A single lookup in an approriate table is an implementation of an evaluation
function, but I digress.

>The "multi-level stuff" is a way to express how are chess knowledge and the
>search most effectively applied, in a way most suitable to the strengths and the
>limits of each. Stuffing the positional knowledge into the "lump sum" at the
>terminal nodes of the alpha-beta tree, as the current dogma prescribes, is quite
>different than using the knowledge to guide and constrain the search.

>If you have ever analyzed positions in depth, with the help of a chess program,
>you are aware that letting program think on its own for a day isn't nearly as
>effective as playing out the lines you identify as important, and letting
>programs "think" few minutes per proposed move, even though you may have a
>highly negative score against that program. A much weaker human player (other
>than a novice) + program used in this manner will be stronger than the same
>program alone, in the longer time limits (i.e. in the limit of the maximum
>strength of each opponent).
>
>This is true, even though the program may have explicitly more positional chess
>knowledge packed in its evaluation function than a human player aiding the
>program. The reason for increased strength of the combined player is in the
>manner the little chess knowledge the human may have is used in a more effective
>way and in a way more in tune with the nature and purpose of the positional
>chess knowledge (i.e. it was designed for human-like search, which goes with a
>great deal of reasoning and common sense, especially with checking out specific
>kinds of followups for specific types of advice, and not to be converted to
>points and all added together at some "quiescent" node).

I suggest there are many more positions where the human would do worse than
simply to let the machine grind.  The difference is that a human operator has a
good understanding of certain positions, and will know when they can step in to
make a difference.

If I selected 100 positions from GM play, and gave a 1800 player Crafty for a
day for each position, and had Crafty analyze each position for the same length
of time on its own, I do not believe that the 1800 would come up with superior
analysis most of the time.  I believe that after this 3-month experiment we
would find that Crafty alone would consistently chose more reliable PVs, even if
they were not so understandable to 1800s.  Of course, I am discounting the
possibility that the 1800 will elect to leave their Crafty alone to ponder. ;-)

>> You can denigrate a "lump sum" evaluation function all you want,
>> but in the end you have to make a choice between various positions.
>
>I didn't "denigrate" but merely presented an argument from several angles why
>the "lump sum" isn't a very good method (the only advantage it has is the ease
>of programming compared to other ways).
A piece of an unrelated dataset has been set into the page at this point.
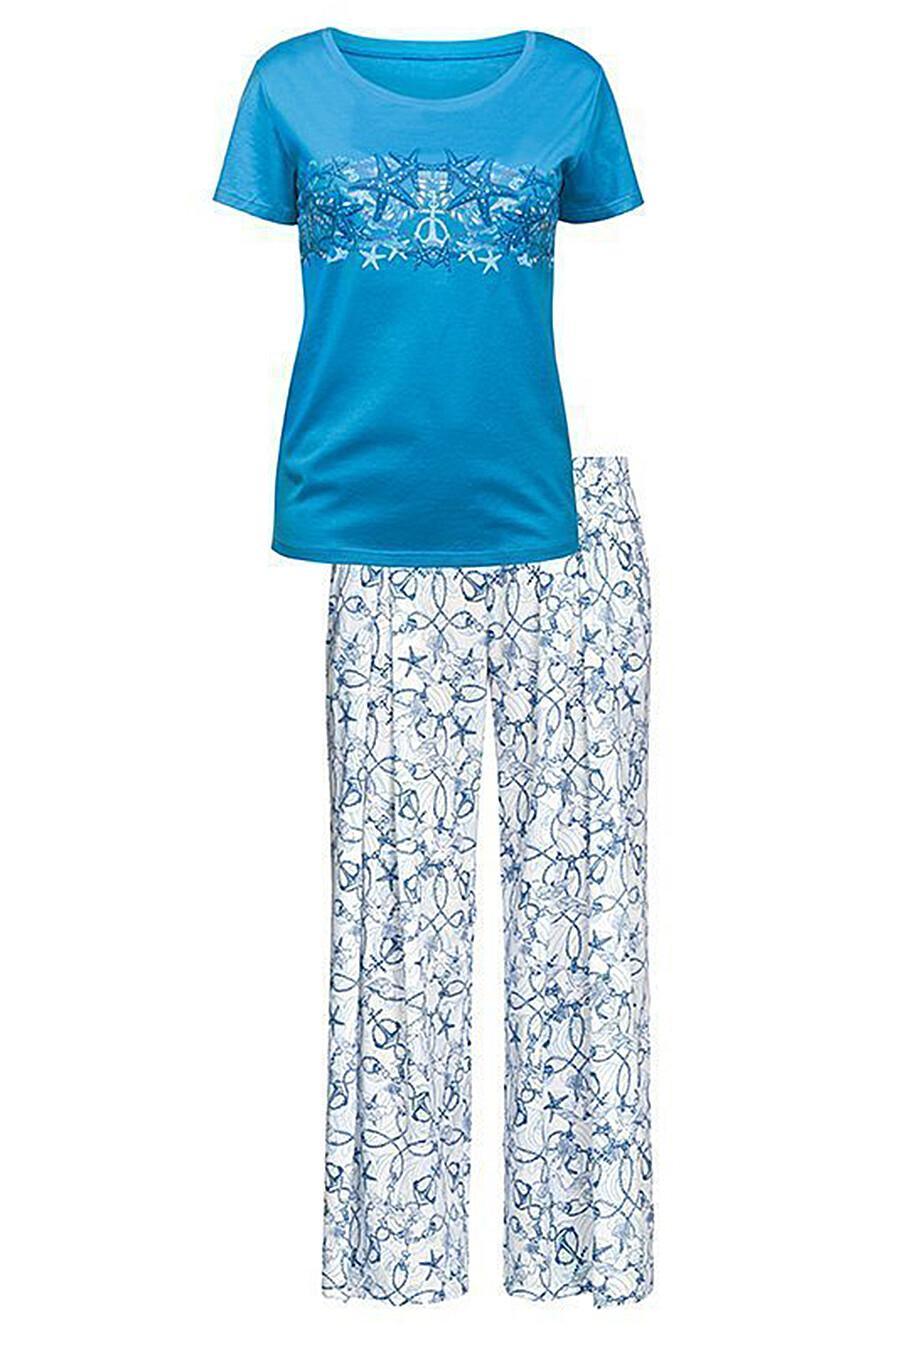 Пижама (Брюки+Футболка) для женщин PELICAN 111432 купить оптом от производителя. Совместная покупка женской одежды в OptMoyo

You didn't exactly address any of the
>specific points presented.

The method you propose is reducible to alpha-beta with a single function, so
what is left to address?  There is no theoretical advantage to doing it a la
Botwinnik.  Currently, there is a severe practical disadvantage, which doesn't
help the cause.

>>  When you do this, you are "lump summing", whether your
>> evaluation architecture has five levels of indirection or
>> none.  Whatever evaluator you have is selecting a preference
>> between a countably infinite number (or less) of possibilities,
>> which means the evaluation function is representable as a
>> mapping from a position to an integer.
>
>The same goes for direct full chess-tree table-base lookup. In principle yes,
>but without practical relevance. The actual positional evaluation terms as used
>in the chess programs are based on human chess theory. So these concepts (and
>the corresponding derived formulas/algorithms used in the programs) are
>optimized for use in particular manner -- for human-like search guidance /
>constraints, reasoning and followups.

What is without practical relevance is a method espoused by a fraud for thirty
years.  There are lots of people doing AI, and I have no doubt that many would
like your proposal.  However, straightforward search actually works.